None of this should be construed as my pointing over at labor unions and blaming them for our lack of productivity. They have contributed to it, of course. There was a time when American workers desperately needed eviction from widespread long hours, low pay, and cruel working conditions. That need doesn't seem to be as urgent any more.
What is important is that if the American competitive position is to be improved, employees who will find and hold better jobs will have to be more productive. The hours ahead will call for and reward employees who are willing to give a little extra, to stay late and arrive earlier than necessary, pitch in when a colleague is absent, take new chances, and not make excuses when they fail. Successful employees are ones who commit themselves to doing things right, recognize that everyone has a boss in the company's owner, who must answer to the customer, or top executives who must answer to share-holders and that business is not in business to satisfy their personal needs. These people who succeed will not ask for raises because a new baby is on the way. They'll take their case for raises and promotions based upon what they've contributed to the company.

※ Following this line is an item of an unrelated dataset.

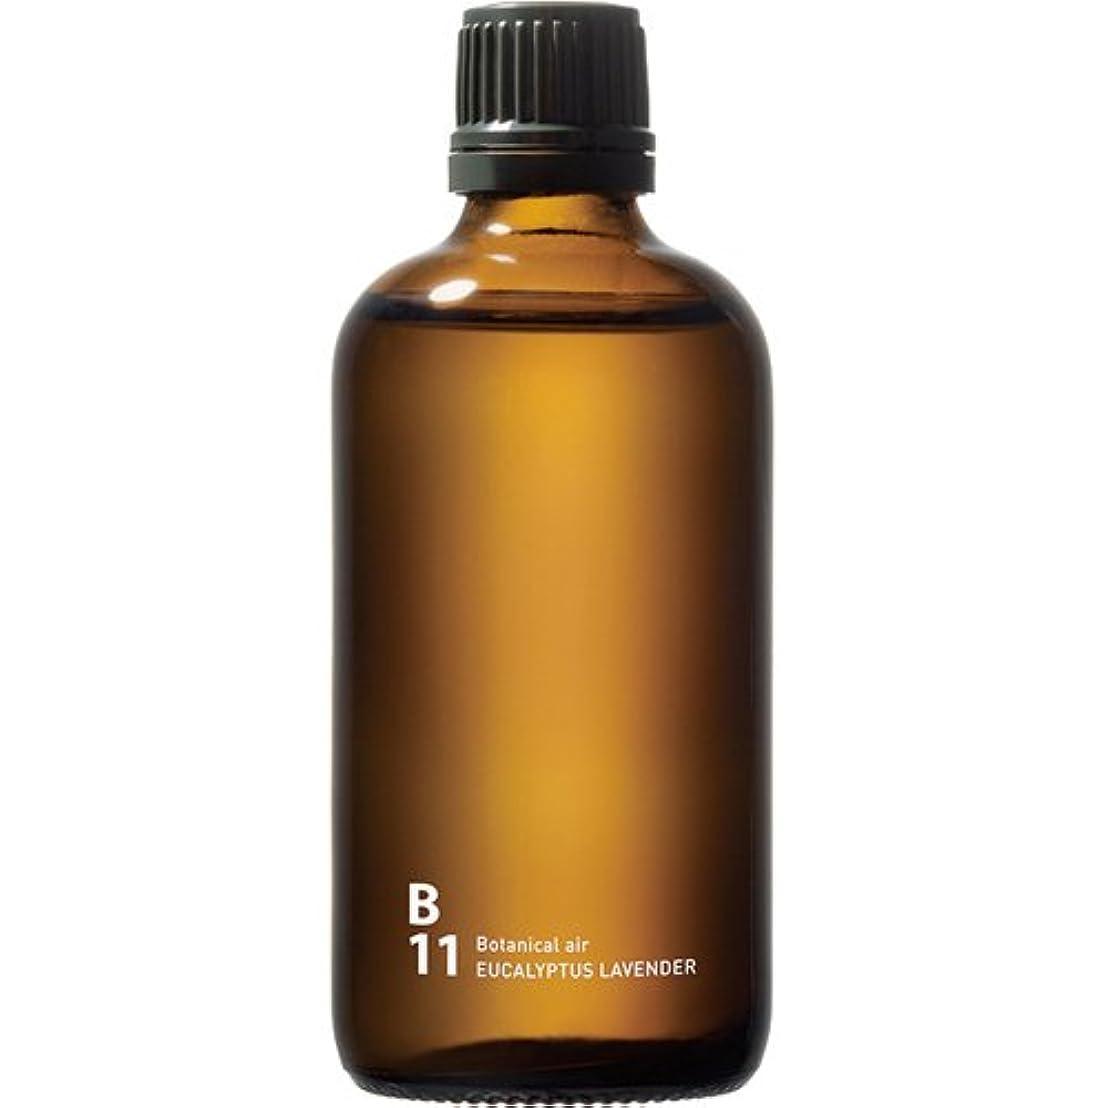 反対仕事適格B11 EUCALYPTUS LAVENDER piezo aroma oil 100ml

At the same time, those who manage American companies will have to recognize that the world has changed even if they prefer not to term it "crazy", and that in order to attract and keep good people they'll have to make their own adjustments, including providing day offs, ensuring that the work environment is free of sexual harassment, instituting policies that reward those who perform (as opposed to across-the-board merit raises), viewing business as a long-term endeavor rather than ways seeking fatter quarterly bottom lines at the expense of customers or clients, and, in general, recognizing the people who work for them are the key to their success or failure.
Combine the two-workers who care and who give little extra and management that recognizes and rewards these people-and you have a less crazy world.
Want to get a better job?
Do whatever you must to become a skilled communicator, no matter what your focus of expertise. Understand that this world-the one in which you seek better jobs-creates its own demands, and until and unless you understand these demands and are willing shift your own gears in order to accommodate them, your chances of finding true success are diminished.

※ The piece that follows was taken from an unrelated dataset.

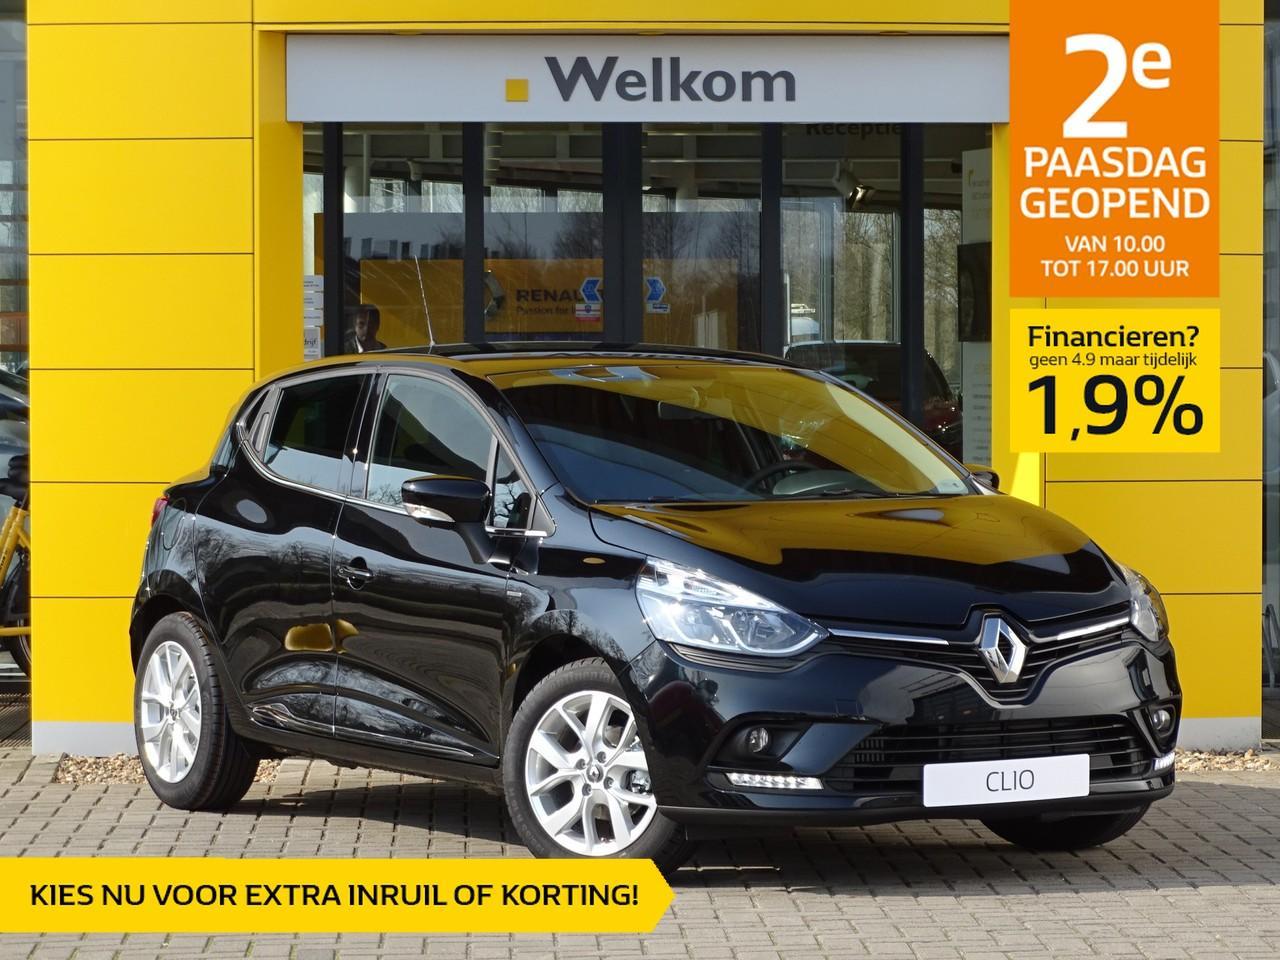 Renault Clio Tce 90pk limited normaal rijklaar 19.895,- nu rijklaar 17.595,-

Be able to put today's society into perspective with yesterday's times. In order to truly understand the society into which we were born, we must have some understanding of the events that went before us and that have shaped our present lives. By doing that, the way our own individual little worlds function becomes easier to understand.
A distinct error on the part of many people in today’s job market is to focus in narrowly on a specific job and not take the time to keep abreast of the profession or industry as a whole. I've been an editorial adviser to the Journal of Accountancy for a number of years. I wentthrough one issue and tabulated the different abbreviations and acronyms in it. There were many, and my guess is that half the professionals reading the magazine could not identify all of them.
We see it every day-bright, talented, and well-educated men and women who are virtually ignorant of what is going on in their chosen field of work. An interview mentions a recent bit of legislation that directly affects the direction an industry will take. It has been in all the papers, and covered in-depth in that industry's tabulations. The job applicant stares back, a blank look on his or her face. Or major appointments have been made to new positions in industry associations, but the applicant isn't aware of this, and makes it painfully aware during the interview.
Adopt the attitude that the life you live is not a dress rehearsal. You have one life in which to achieve your personal and professional goals. Luck won't do it. Waiting for things to happen won't do it. Carrying negative attitudes to your job won't do it.
Celebrate this crazy world, and view it as filled with opportunity. Shelve the clichés, and ignore the fads. Learn how to pursue a better job. Approach job hunting and job advancement as a job in itself.